The National Petroleum Council (NPC) membership lists include now-former chairmen, presidents and chief executives of at least eight oil companies including Texaco, Marathon Oil, Conoco and Phillips, which have since merged, and Occidental Petroleum Corporation. The documents i feel electricity in my body show that the knowledge was widespread in the industry, and not just limited to individual companies like ExxonMobil and Shell, whose internal files have been uncovered in a series of journalistic investigations that gas station in spanish show their longtime understanding of the risks of climate change. That the knowledge was widespread could affect the dozens of climate liability suits that have been filed against the industry by various communities around the country.
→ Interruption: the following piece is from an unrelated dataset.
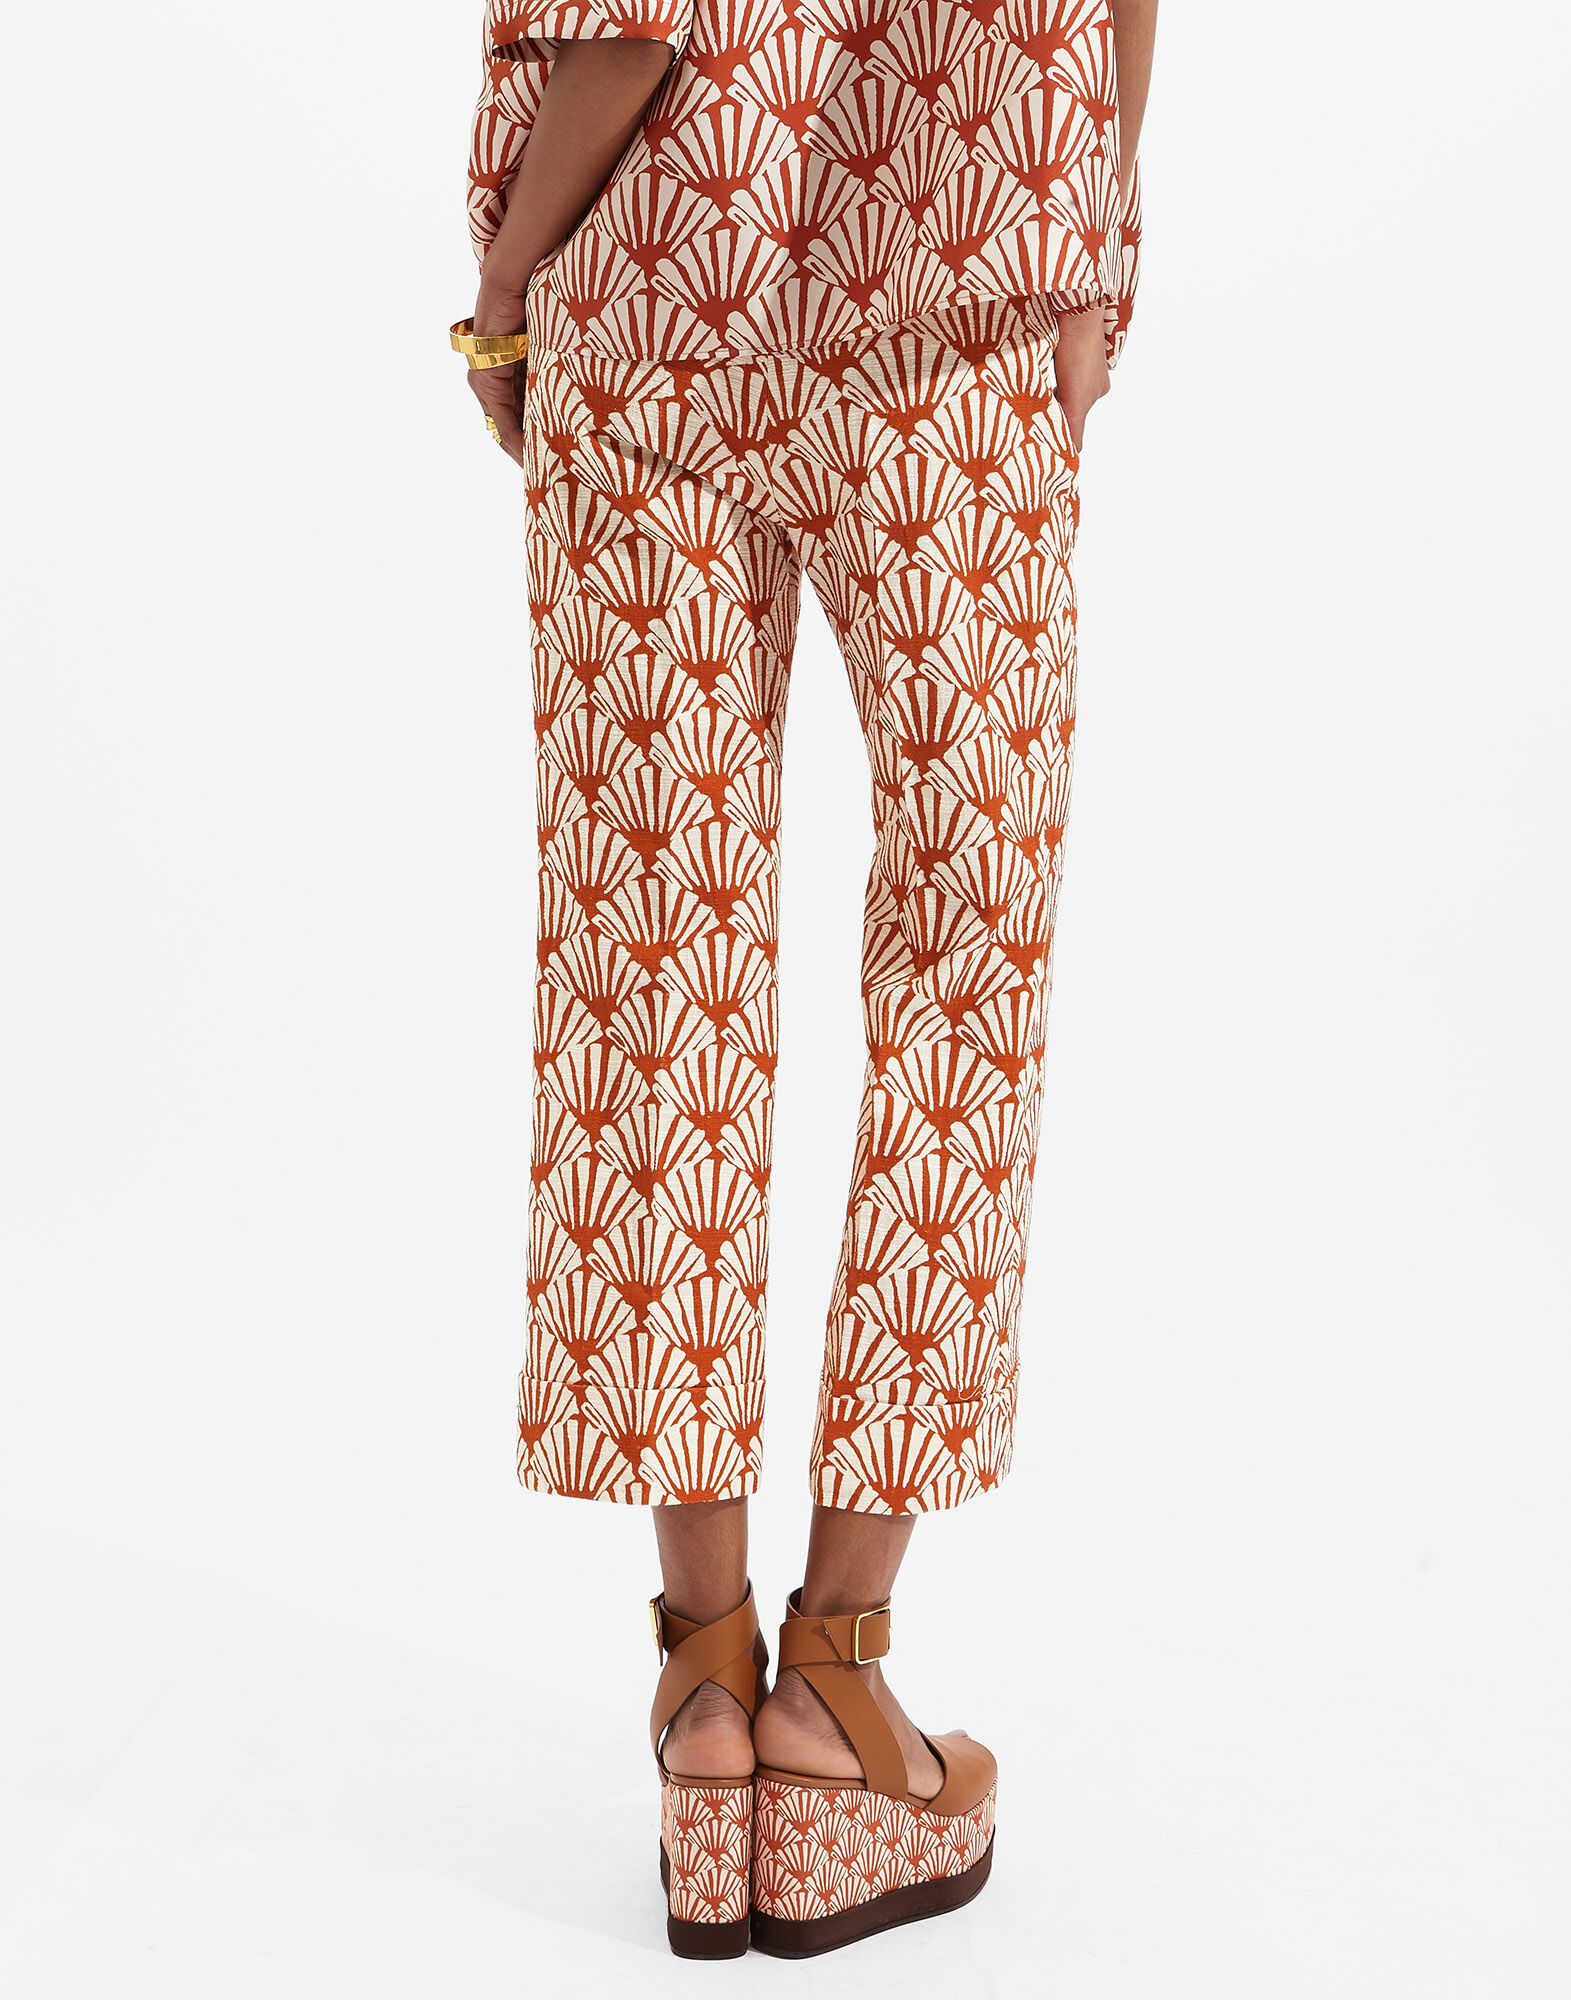 Womens Plaid Lounge Wear Pants Wide Leg Soft Stretch Pajama Sleep Trousers  US ; | eBay

The document, titled “ Energy supply and demand implications of CO2,” clearly outlines the conclusion by researchers that action must be taken to reduce fossil fuel use in order to curb CO2 emissions: “Use of fossil fuels should peak and start to decline within the next several decades, possibly as early as 2010. Explicit actions to retard fossil-fuel use would need to become effective in the next 10–20 yr.” A more concise statement opens the report: “Intensive development of non-fossil energy sources appears warranted.”

“The world’s remaining recoverable resources of oil, gas, and coal are k gas oroville estimated to contain nearly 4,000 billion metric tons of carbon,” the report said. “This is enough, if burned and if half of the emitted carbon dioxide remains airborne, to increase the concentration of CO2 in the earth’s atmosphere by nearly a factor of four. That is almost certainly too much. ‘Acceptable’ levels of CO2 may be no more than 1.5 to 2.5 times the present concentration. Thus, the world’s cumulative use of fossil fuels, at least during the next two centuries, may need to be restricted to levels far below the estimated recoverable resources.”
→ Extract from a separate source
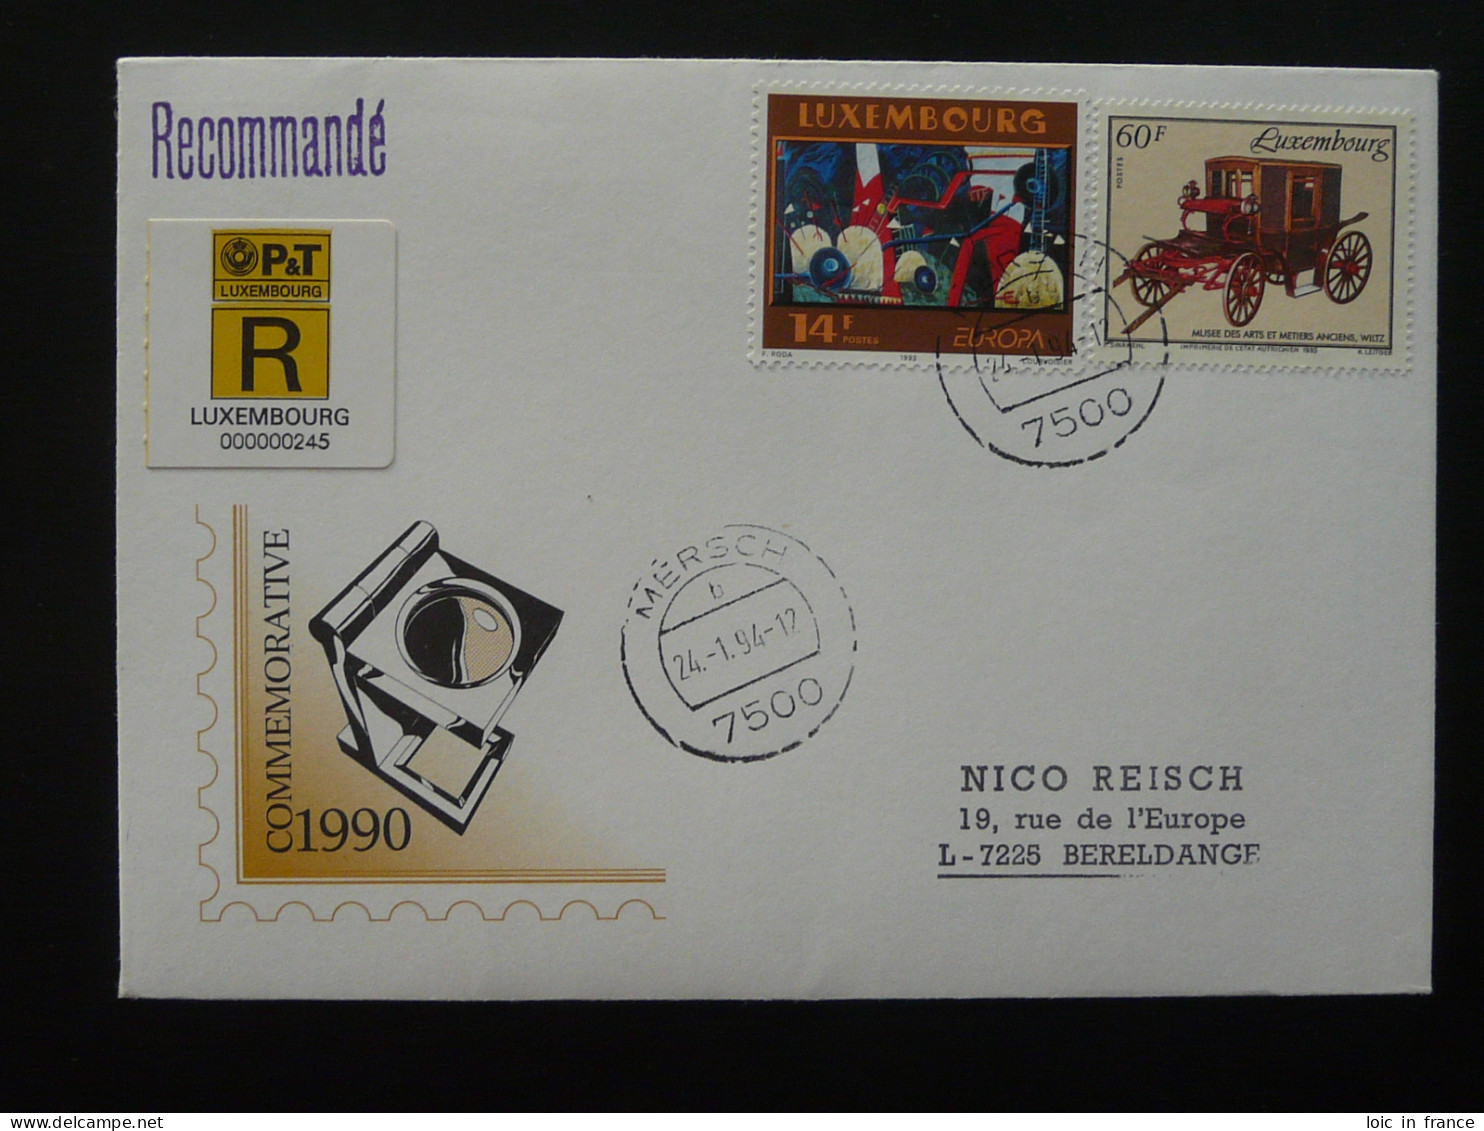 Lettre Recommandée Registered Cover Mersch Luxembourg 1994 - Storia Postale

Earth’s temperature has already risen by one degree Celsius and scientists have recently reduced their estimate – from two degrees to 1.5 degrees Celsius – for the maximum amount the planet can warm by the end of this century if we are to avoid the worst impacts of climate change. Although the Oak Ridge National Laboratory report illustrates the U.S. federal government was made aware of this in 1982, the nation has opted out of the Paris Agreement which outlines a coordinated global effort to reduce greenhouse-gas-emissions mitigation.
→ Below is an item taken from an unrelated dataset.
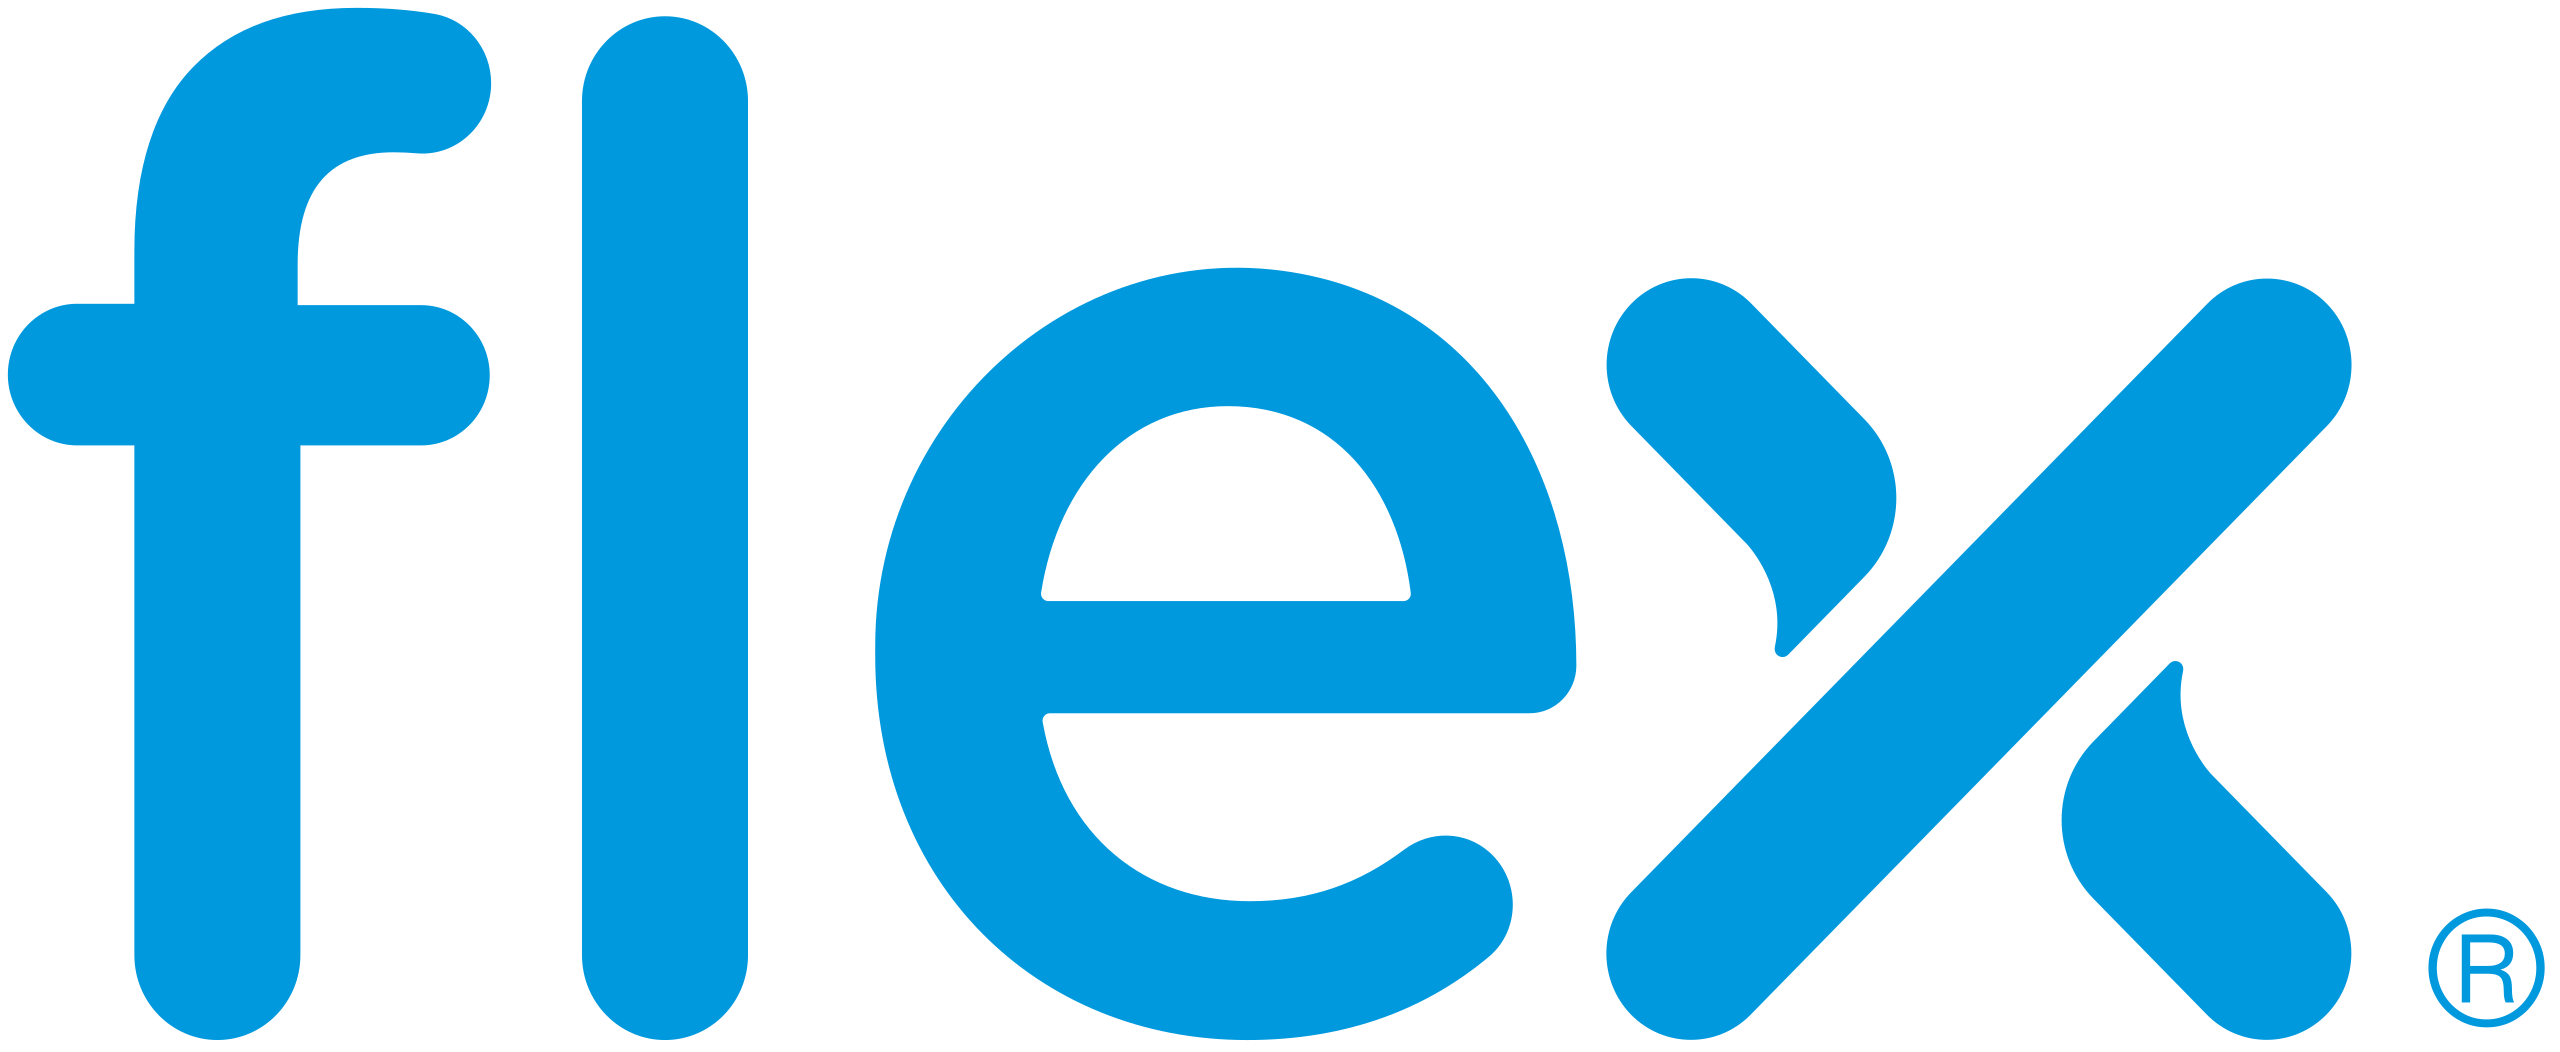 Flex_logo_(2015).svg

Playing naive to the fossil fuel industry’s contributions to climate change is not the only tactic the c gastronomie traiteur avis new documents help clarify. Some reports, such as a 1981 report titled The Oil and Gas Industries: An Overview , claimed fossil fuel pollution had been mitigated: “The petroleum industry has made substantial progress in environmental conservation in the past decade, and the major environmental concerns perceived in the 1970’s as arising from the industry are now vastly diminished because pollution sources are under effective control.”

One 1983 document underscores how the NPC recognized the importance of controlling what information reached lawmakers. “While the CO2 issue remains – appropriately so, in our view – largely in the research communality, it is important to consider the possibility that the issue may become prominent in political arenas,” the report said. “It is important that we fashion perspectives and programs that can be sustained through periods of excessive attention or inattention to the issue.”

Another document acknowledged that climate change had long been the focus of discussions among oil industry representatives, and that burning fossil fuels would likely contribute to “catastrophic climate changes” that could be mitigated by tighter regulation: “The reason that the subject continues to cause debate and to stimulate research is that it is so very closely tied to the world energy gas house gorillas problem. If fossil fuel combustion is the major cause of increasing atmospheric CO2, if the increasing CO2 content will result in large or possibly catastrophic climate changes, and if natural constraints are either inadequate or too slow to keep the situation stable, then action must be initiated fairly soon to reduce the discharge of CO2 into the atmosphere.”